MATERIAL PROVIDED Start Marker

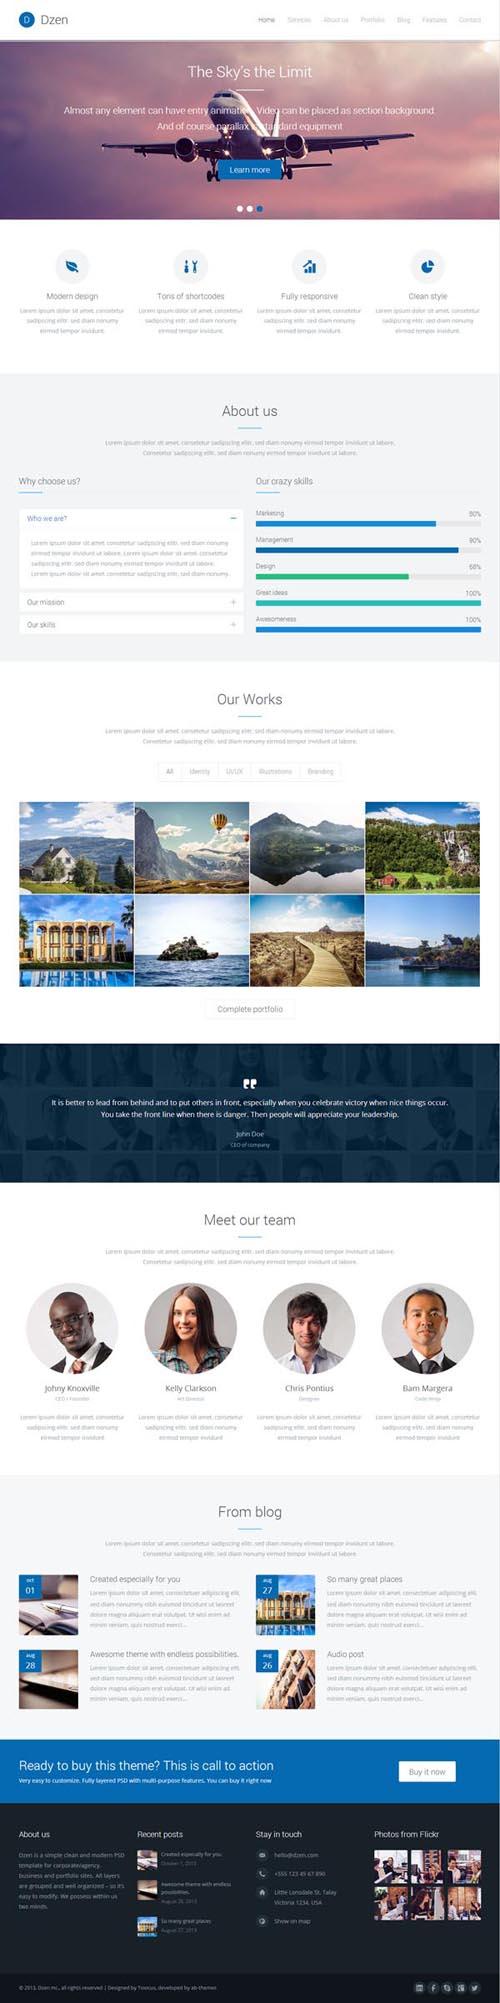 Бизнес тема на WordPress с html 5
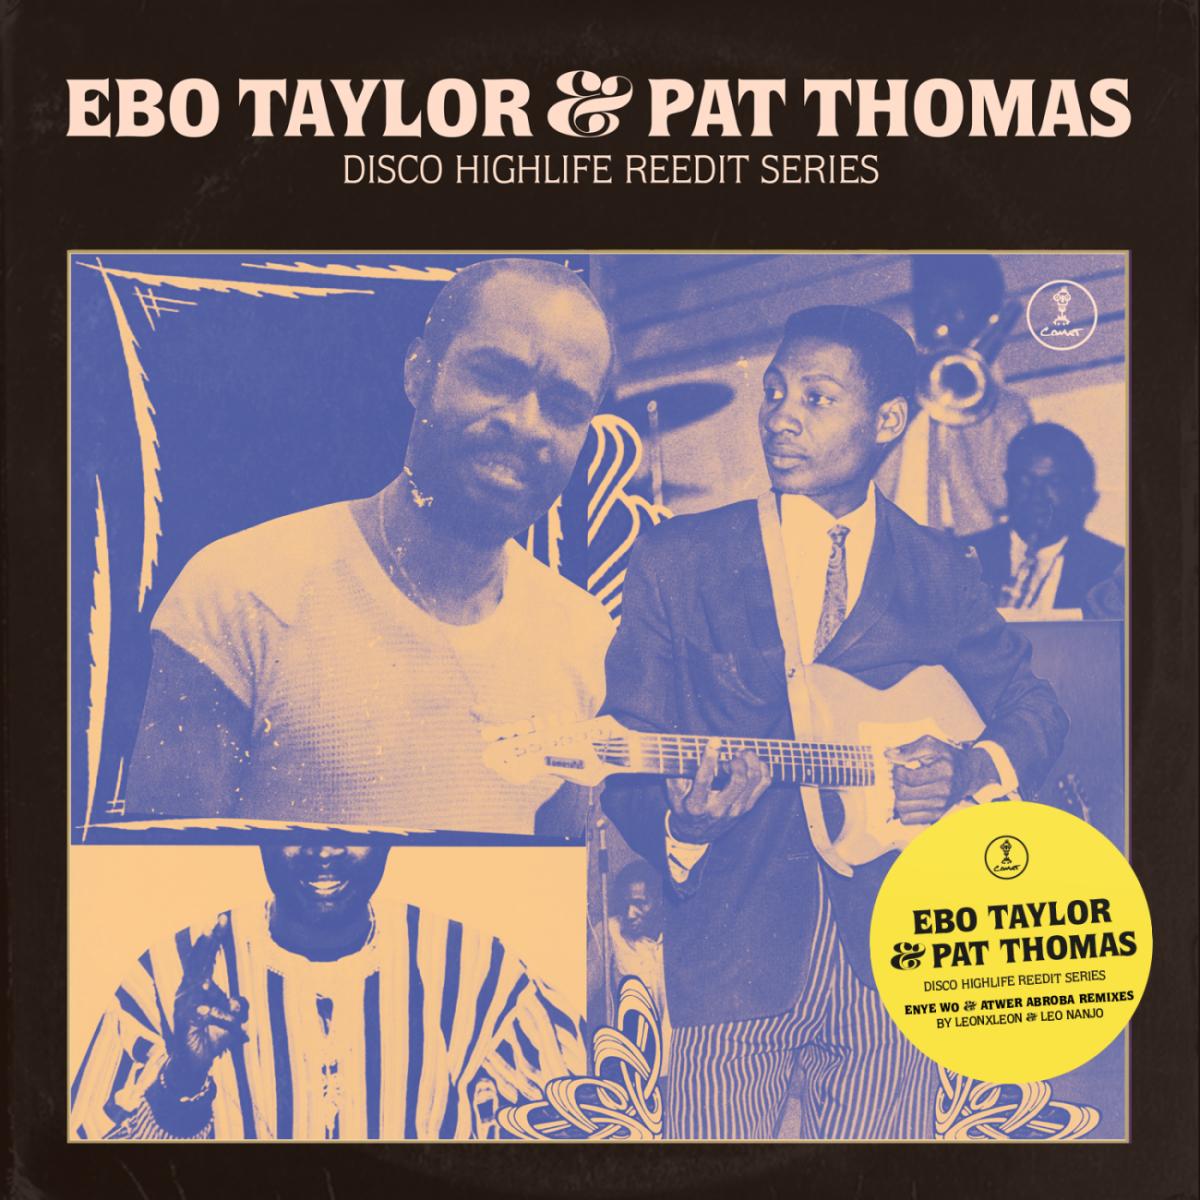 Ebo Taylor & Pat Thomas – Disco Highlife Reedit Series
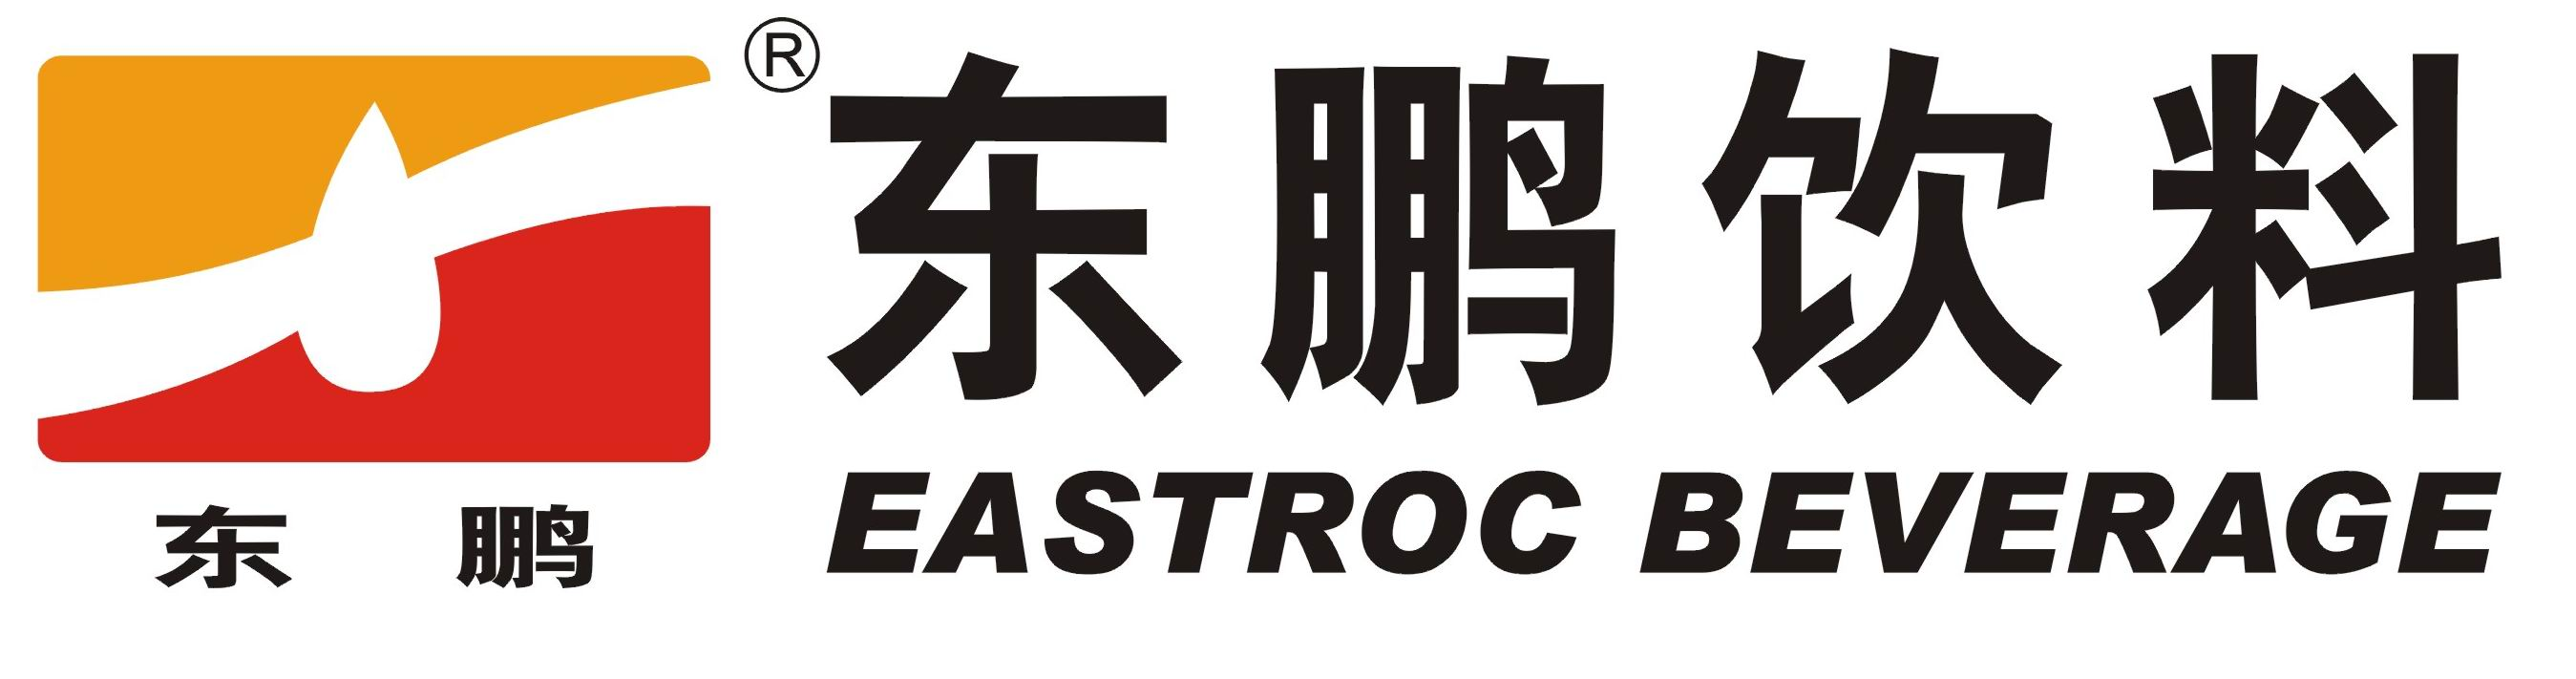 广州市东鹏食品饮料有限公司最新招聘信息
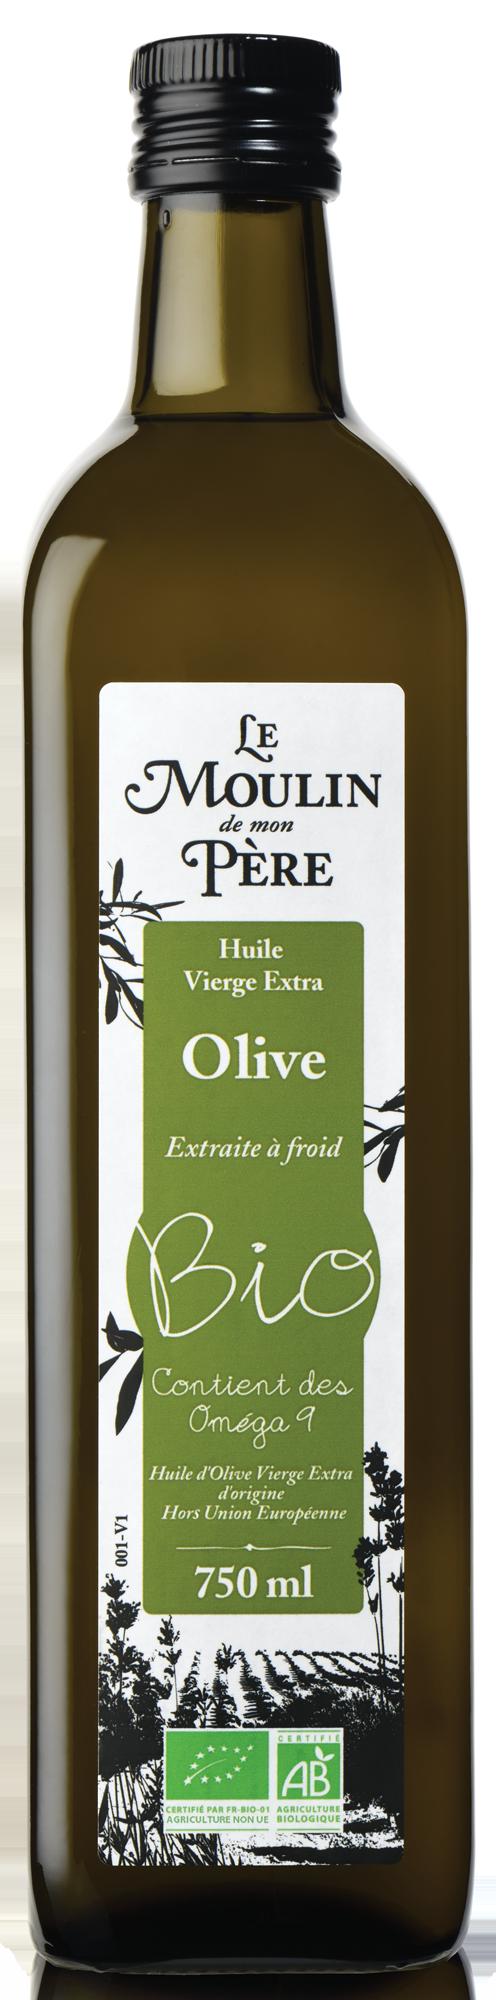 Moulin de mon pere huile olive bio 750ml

MATERIAL PROVIDED End Marker

PROBLEM TO WORK ON:
Print exactly the lines from the line with "Ebo Taylor &" through the end of the data, both ends included, and print no pictures.

OUTPUT FOR THIS EXERCISE:
 Ebo Taylor & Pat Thomas – Disco Highlife Reedit Series
 广州市东鹏食品饮料有限公司最新招聘信息
 Moulin de mon pere huile olive bio 750ml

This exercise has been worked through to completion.